Covid has given Peter Thiel’s secretive US tech company new opportunities to operate in Europe in ways some campaigners find worrying

The 24 March, 2020 will be remembered by some for the news that Prince Charles tested positive for Covid and was isolating in Scotland. In Athens it was memorable as the day the traffic went silent. Twenty-four hours into a hard lockdown, Greeks were acclimatising to a new reality in which they had to send an SMS to the government in order to leave the house. As well as millions of text messages, the Greek government faced extraordinary dilemmas. The European Union’s most vulnerable economy, its oldest population along with Italy, and one of its weakest health systems faced the first wave of a pandemic that overwhelmed richer countries with fewer pensioners and stronger health provision. The carnage in Italy loomed large across the Adriatic.

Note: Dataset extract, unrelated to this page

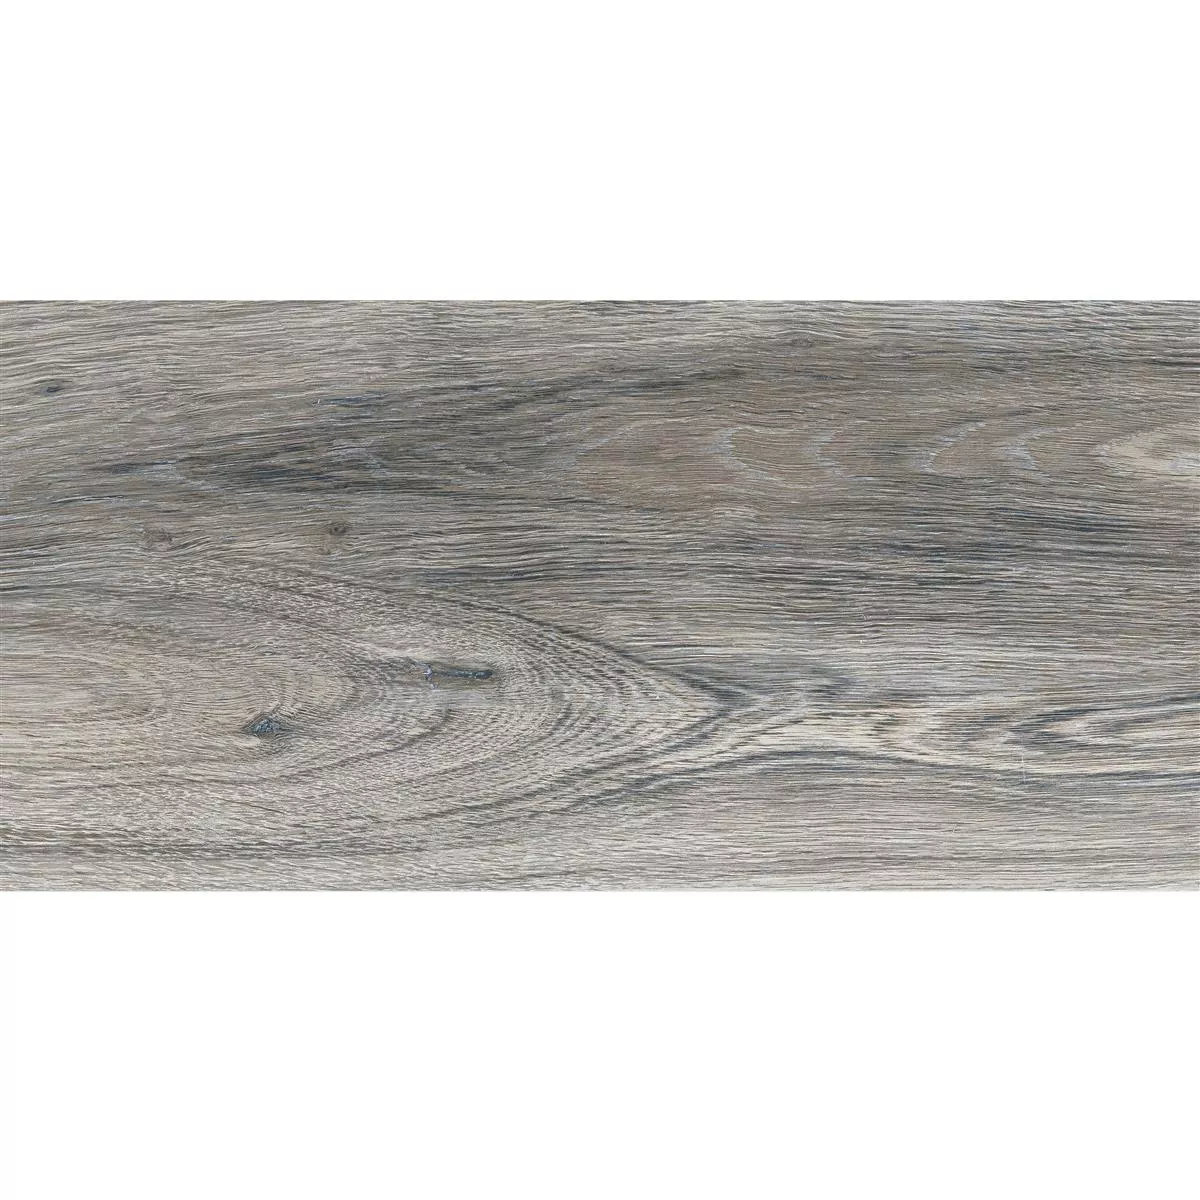 Sample Floor Tiles Goranboy Wood Optic Ash 30x60cm / R10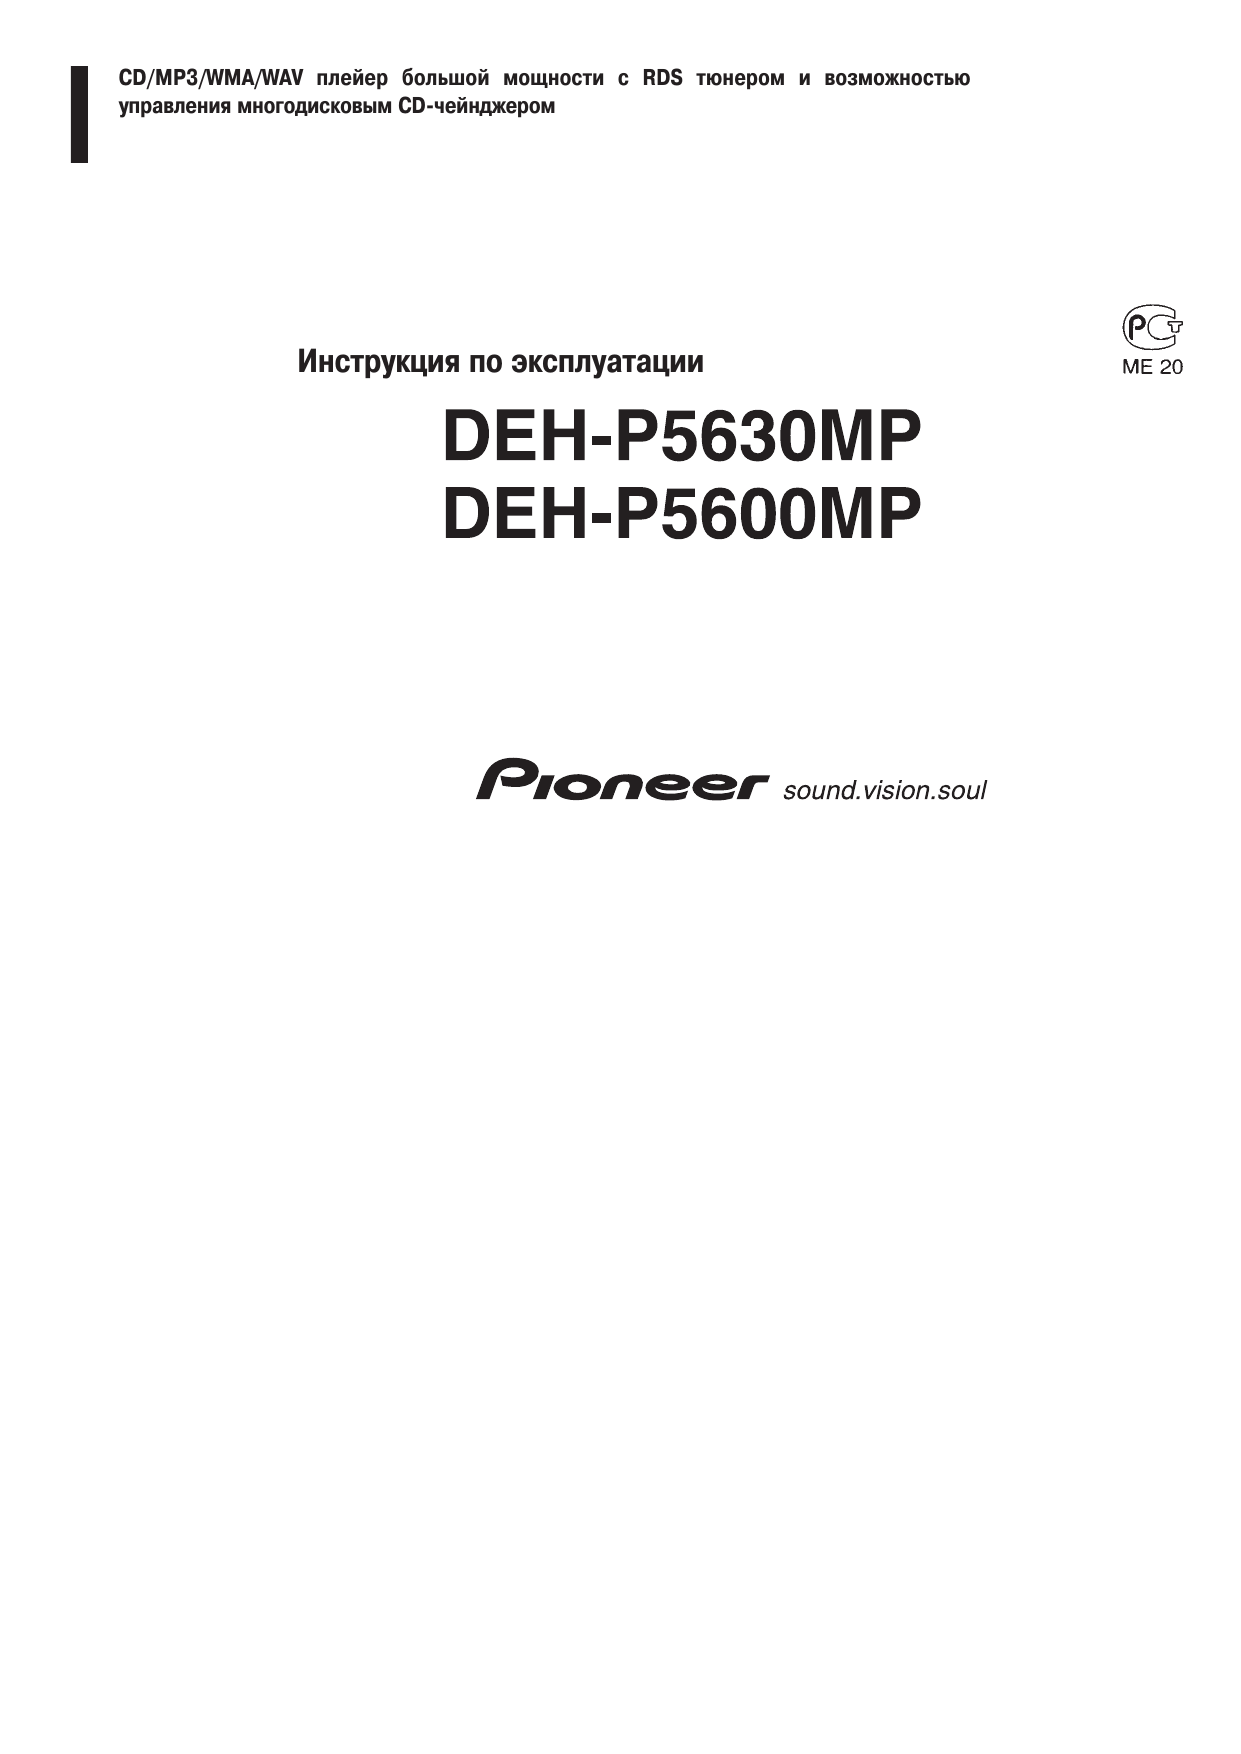 Дж инструкция. Pioneer deh-p5630mp. Pioneer deh-p5600mp. Pioneer deh-p5600mp инструкция. Pioneer deh 5630mp инструкция.

One Greek who did go into the office that day was Kyriakos Pierrakakis, the minister for digital transformation, whose signature was inked in blue on an agreement with the US technology company, Palantir. The deal, which would not be revealed to the public for another nine months, gave one of the world’s most controversial tech companies access to vast amounts of personal data while offering its software to help Greece weather the Covid storm. The zero-cost agreement was not registered on the public procurement system, neither did the Greek government carry out a data impact assessment – the mandated check to see whether an agreement might violate privacy laws.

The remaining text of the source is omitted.